David Swarbrick, managing director at Chambers, believes that the new set of words provides a portrait of Britain over the last few years. He has been quoted as saying, "[E]very new generation needs to see the impact that they have made in society. Different generations make different impacts. I think young people are probably the most creative agents for new words because they're not held back by convention."

A good example of a creative new word used by young people is "sexting" (exchanging text messages of a sexual nature). But the word was deemed too new for inclusion in the latest edition of The Chambers Dictionary. Here are a few more words that were omitted.

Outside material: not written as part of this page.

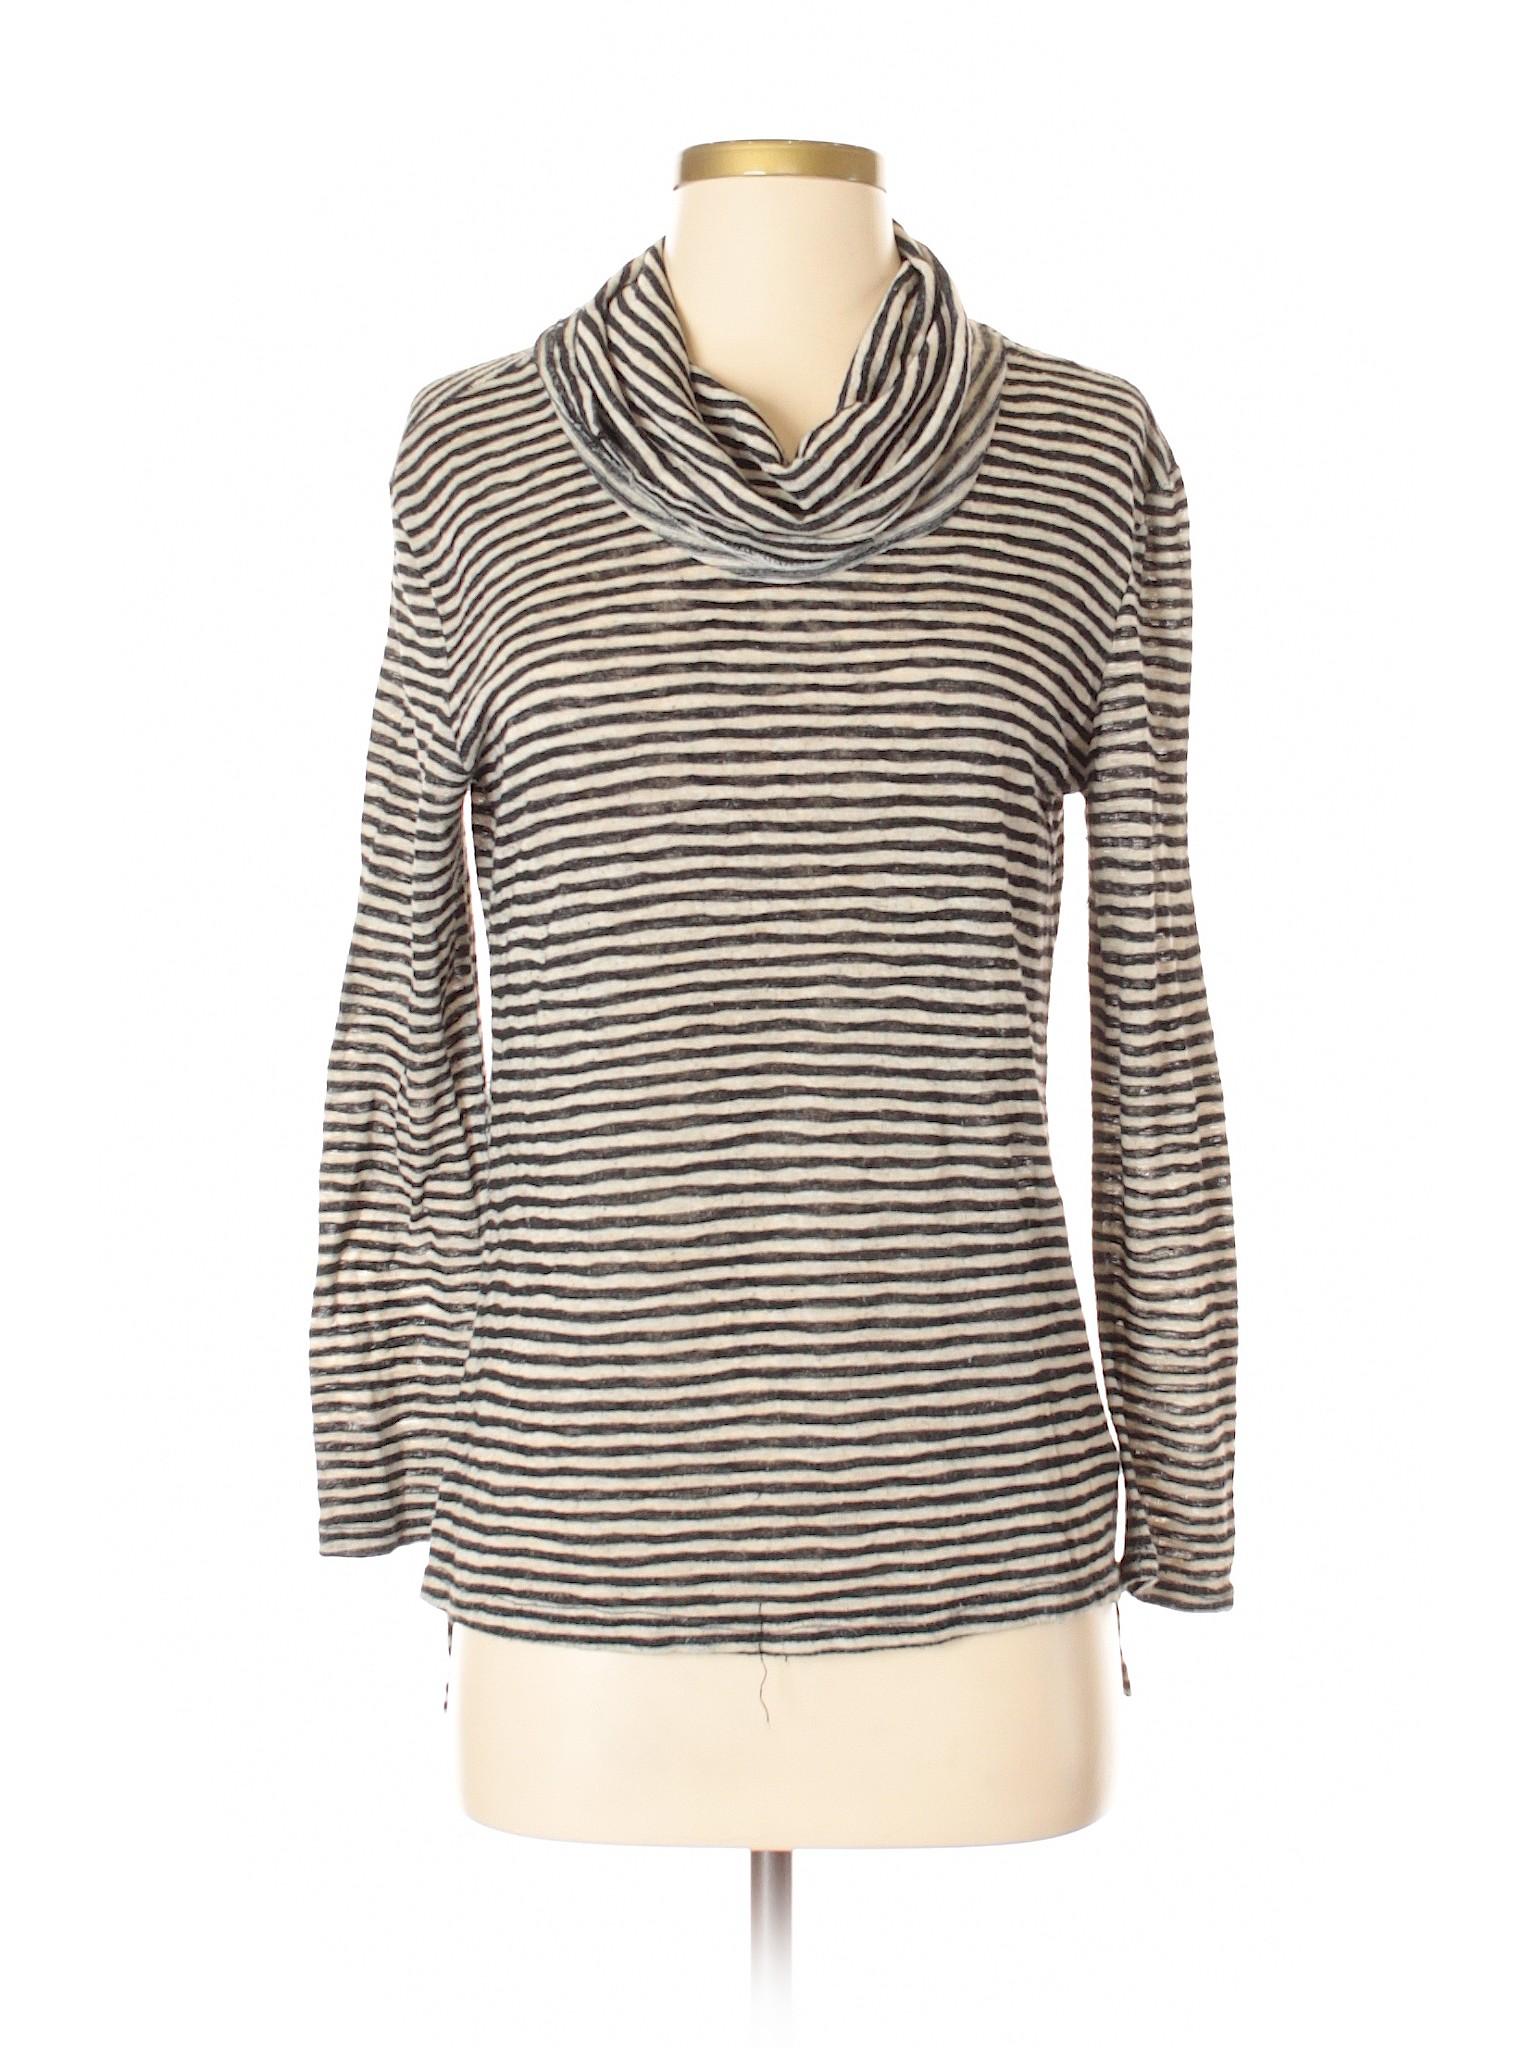 W5 Pullover Boutique Boutique Sweater W5 xnYERw8gzq

  • Clairvoyantique -- yesterday's vision of the future
  • Cybereavement -- mourning a computer that died before back-up
  • Elevatorture -- listening to someone's elevator pitch
  • Fiscalamity -- announcement of poor annual results
  • Guruins -- remains of company after visionary CEO takes golden parachute
  • Migrateful -- happy for lateral career move that gets you away from your boss
  • Mindsharecropper -- someone who horns in on your ideas and farms the best of them
  • Priceberg -- hidden cost of paying more than you can afford
  • Pushwhacked -- failed to see pushback coming
  • Robusted -- product with so many features that customers hate it
  • Sofacillitate -- ease a person out of their job and into their living room
  • Telepathetic -- believing that you can read your boss' mind
  • Yenabler -- any country that keeps lending to Japan
  • Zenvision -- sound of one strategic plan slapping itself

How should we feel about the omission of these words from The Chambers Dictionary while terms such as "skank" and "OMG" were included? Well, linguistic traditionalists will find it both good and bad news. Or as Charles Dickens might have observed, "It was the best of times. It was the WTF of times."